Three accused in rape trial say texts were ‘exaggeration’ and ‘banter’
Prosecution homes in on discrepancy as accused take the stand
Paddy Jackson arriving at Laganside Magistrates Court on Friday morning. Photograph: Pacemaker
Jackson was up first, and by mid-morning the public gallery, which holds 100, was packed and minor arguments were breaking out over seats. The next day he was followed by Olding, who is accused of oral rape, and on Friday by Blane McIlroy, who is accused of exposure.
Each man’s evidence took up most of a day. In the morning they gave their versions of events to their own counsel. After lunch they were questioned on these accounts by the prosecution.
Regarding the night itself, the three men’s accounts differed little from what they told police, even if that account appeared to contradict that of a co-accused.
The complainant, a 19-year-old Belfast student, alleges she was at a house party in Jackson’s home when she went upstairs to get her handbag. She says Jackson followed her, and pushed her on the bed before raping her.
Olding then allegedly came in and orally raped her. Finally, McIlroy allegedly came in, naked, and said: “You f--ked these guys. Why not me?”
Jackson told the jury it was the woman who followed him upstairs, where they started kissing and she performed oral sex on him consensually. While this was happening Olding came to the door, and Jackson smiled at him. Olding came over and she started performing oral sex on him.
Jackson denied having vaginal intercourse with the woman, and denied trying to put his entire hand inside her, calling it a “revolting” allegation.
Opened the door
Olding gave evidence that when he opened the door he saw the woman on top of Jackson kissing him on the mouth. He said the woman beckoned to him with her hand and he went over.
She started performing oral sex on him while Jackson was at the other end of the bed, he said. Everything was consensual, and no force was used, he said.
Neither man saw McIlroy in the room. On Friday McIlroy insisted he was in the room; he opened the door to find Jackson and the woman lying naked on the bed. He went in, kissed the woman and she performed oral sex on him.
The prosecution homed in on this discrepancy. Toby Hedworth QC put it to all three men that they met up for lunch in the hours after the alleged rape to concoct a story in case they were interviewed by police.
McIlroy and their friend Rory Harrison, who is accused of perverting the course of justice, knew there could be trouble as the woman had told Harrison “what happened last night wasn’t consensual”. Harrison had dropped the woman home after the alleged rape, and texted McIlroy that she was “in hysterics”.
Yet McIlroy told the jury he never mentioned this to Jackson and Olding at lunch that day in Soul Food Cafe. He said this was because he didn’t take Harrison’s warning seriously as the woman seemed fine when she was leaving. All three men said they didn’t talk about the woman at lunch.

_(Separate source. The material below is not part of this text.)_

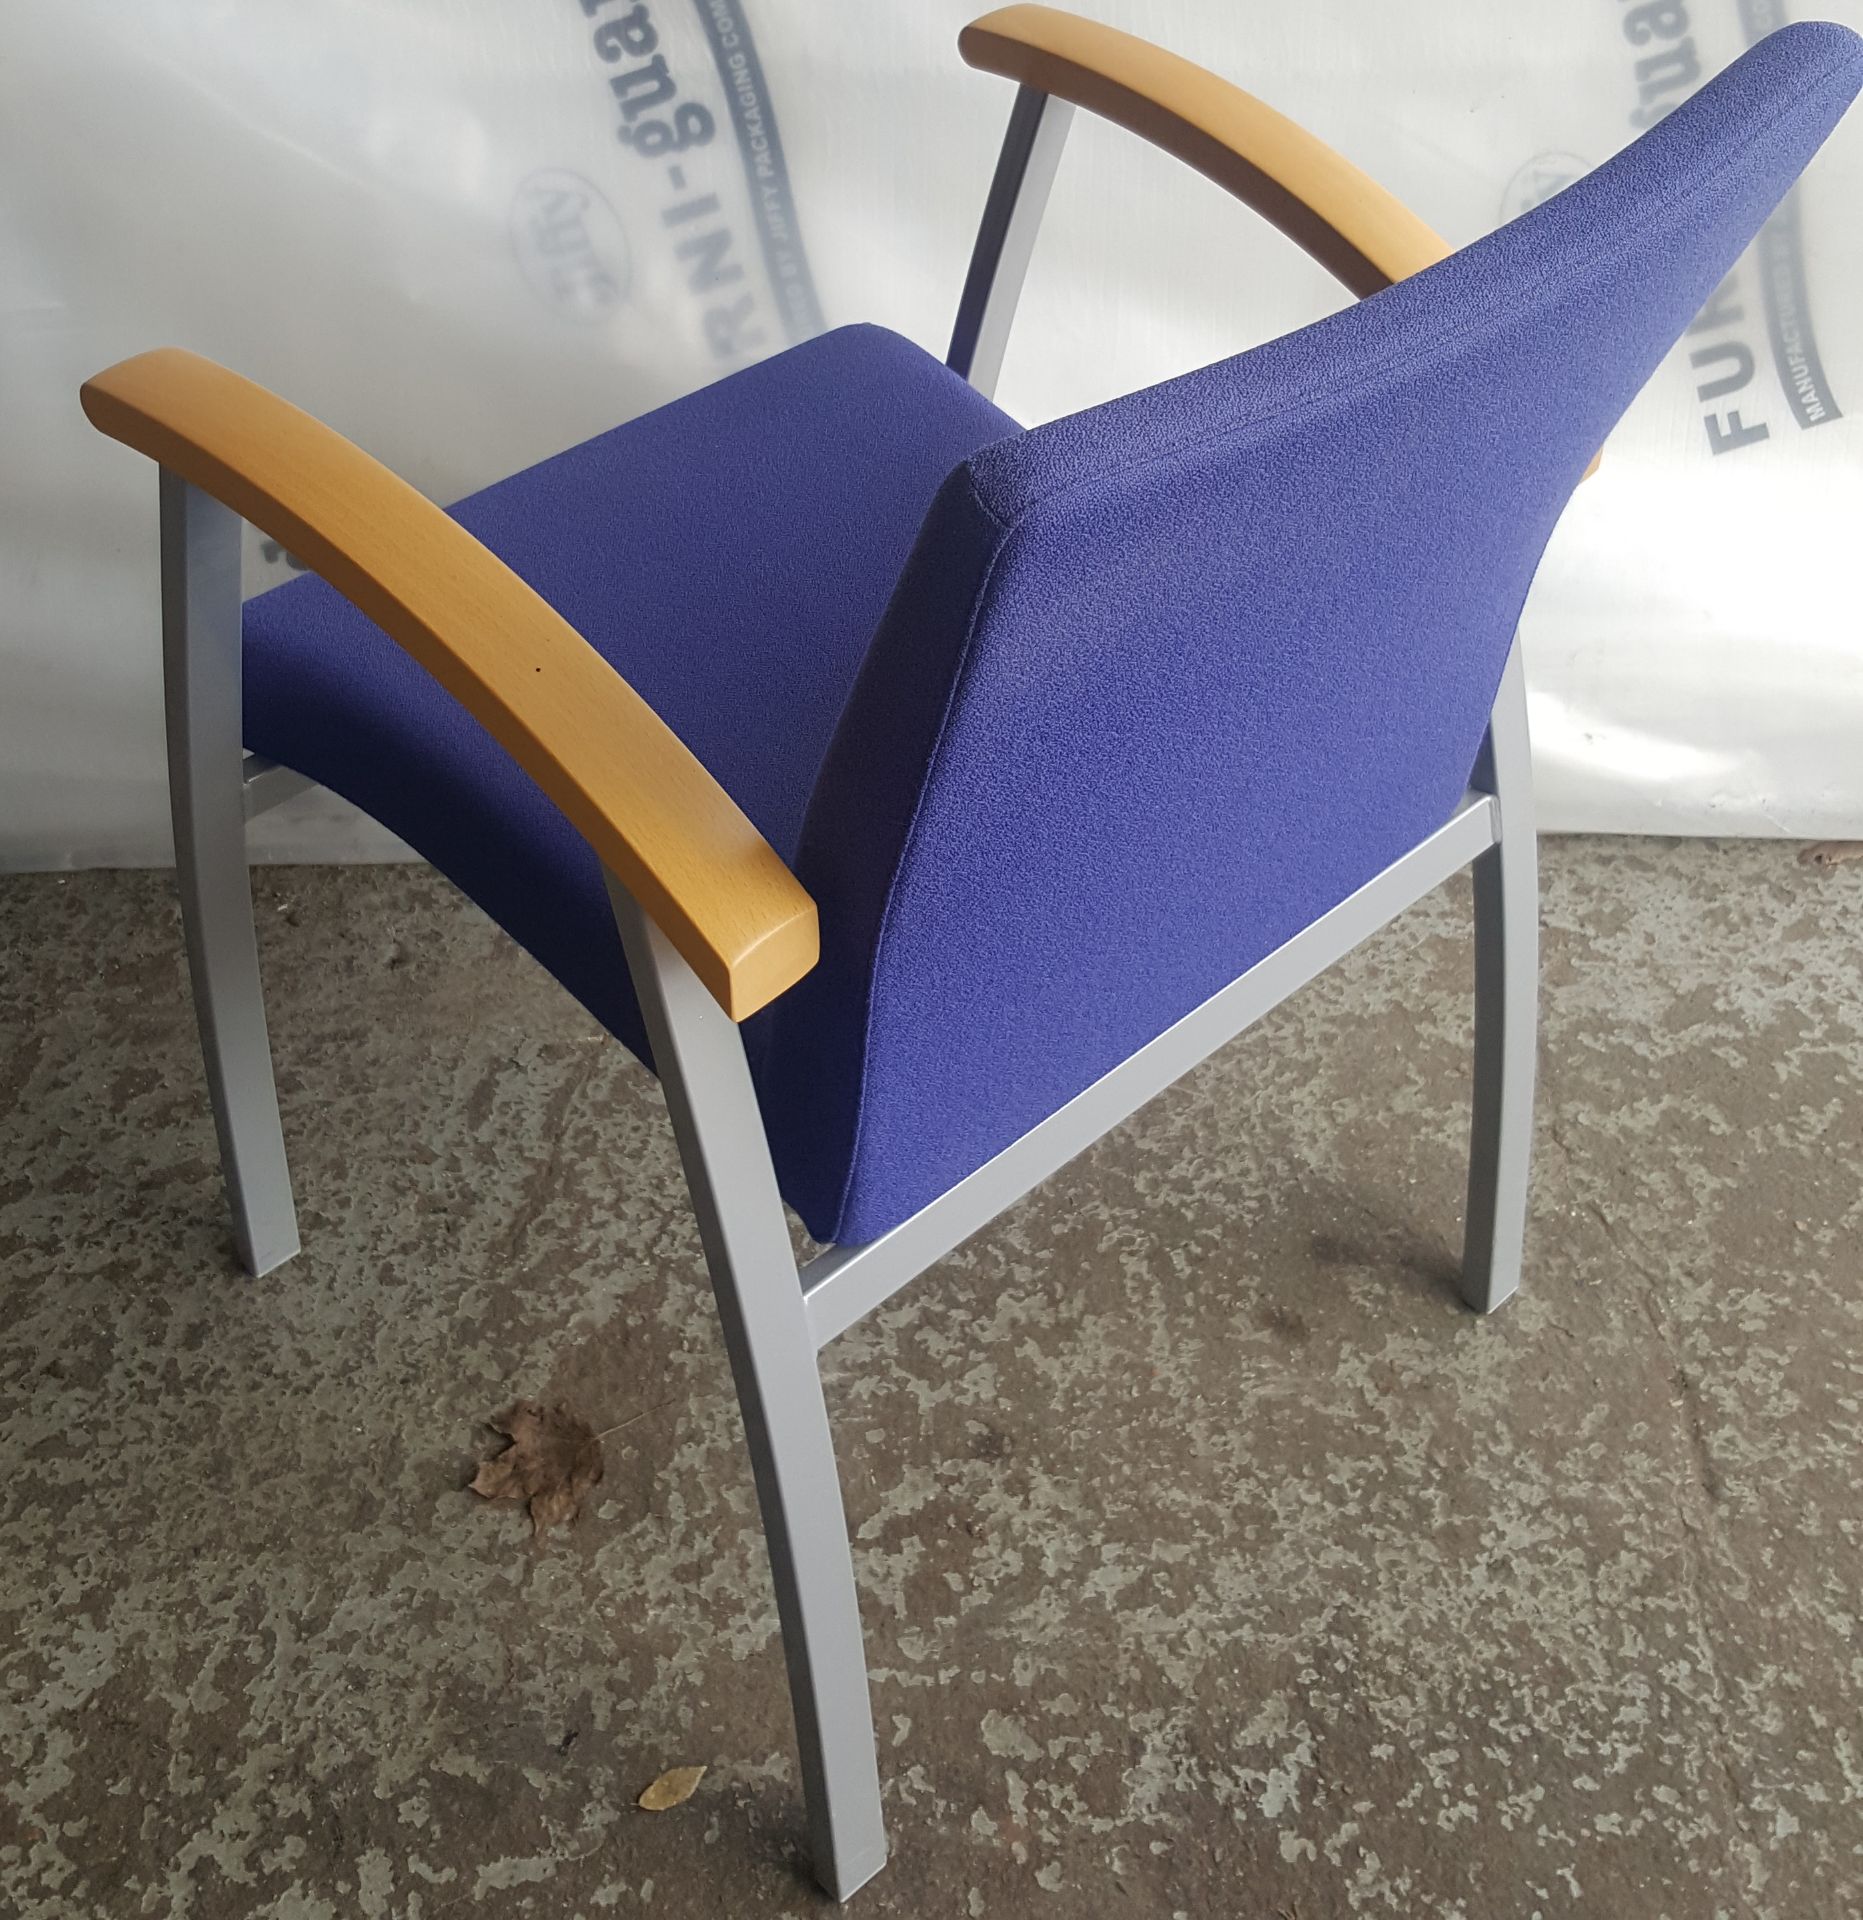 6 x Royal Blue Fabric Stackable Office Chairs - REF: TofT - CL011 - Location: Altrincham WA14 - Image 4 of 6

Mr Hedworth called this a ridiculous lie. He suggested the purpose of the lunch was for them to get their stories straight.
The reason McIlroy told the police a story which doesn’t chime with the others was because he “got his lines wrong,” counsel said; he gave Olding’s version of events instead of his own. This was rejected by McIlroy.
The men’s appearance in the witness box also allowed counsel to ask them about the texts they sent the next day boasting about sexual activity. Much of the cross-examination centred on the meaning of the word “spit-roast” which was used by Olding and Jackson in texts (McIlroy also sent a text saying he “roasted” a woman with Jackson).
Mr Hedworth suggested the term specifically means two men penetrating a woman, one orally and one vaginally. Both Jackson and Olding said it could mean that, but it could also mean any sexual activity involving two men and a woman.
All three accused said they were embarrassed by the texts they sent, explaining them variously as “exaggeration”, “nonsense” and “banter.”
In unusually blunt terms, defence counsel Brendan Kelly QC suggested this was typical behaviour for McIlroy, who is known as someone who “talks shite.” McIlroy agreed.
“We were just egging each other,” Mr Jackson said. “It doesn’t really mean anything. It’s just stupid behaviour.”
The evidence stage of the trial is nearly complete, and the jury will likely start hearing closing speeches next week.
As the trial is well behind schedule, the jurors have agreed to sit on Saturday until 12.30pm, when they will learn if Harrison intends to take the stand. Court staff are expecting a queue for seats in the gallery.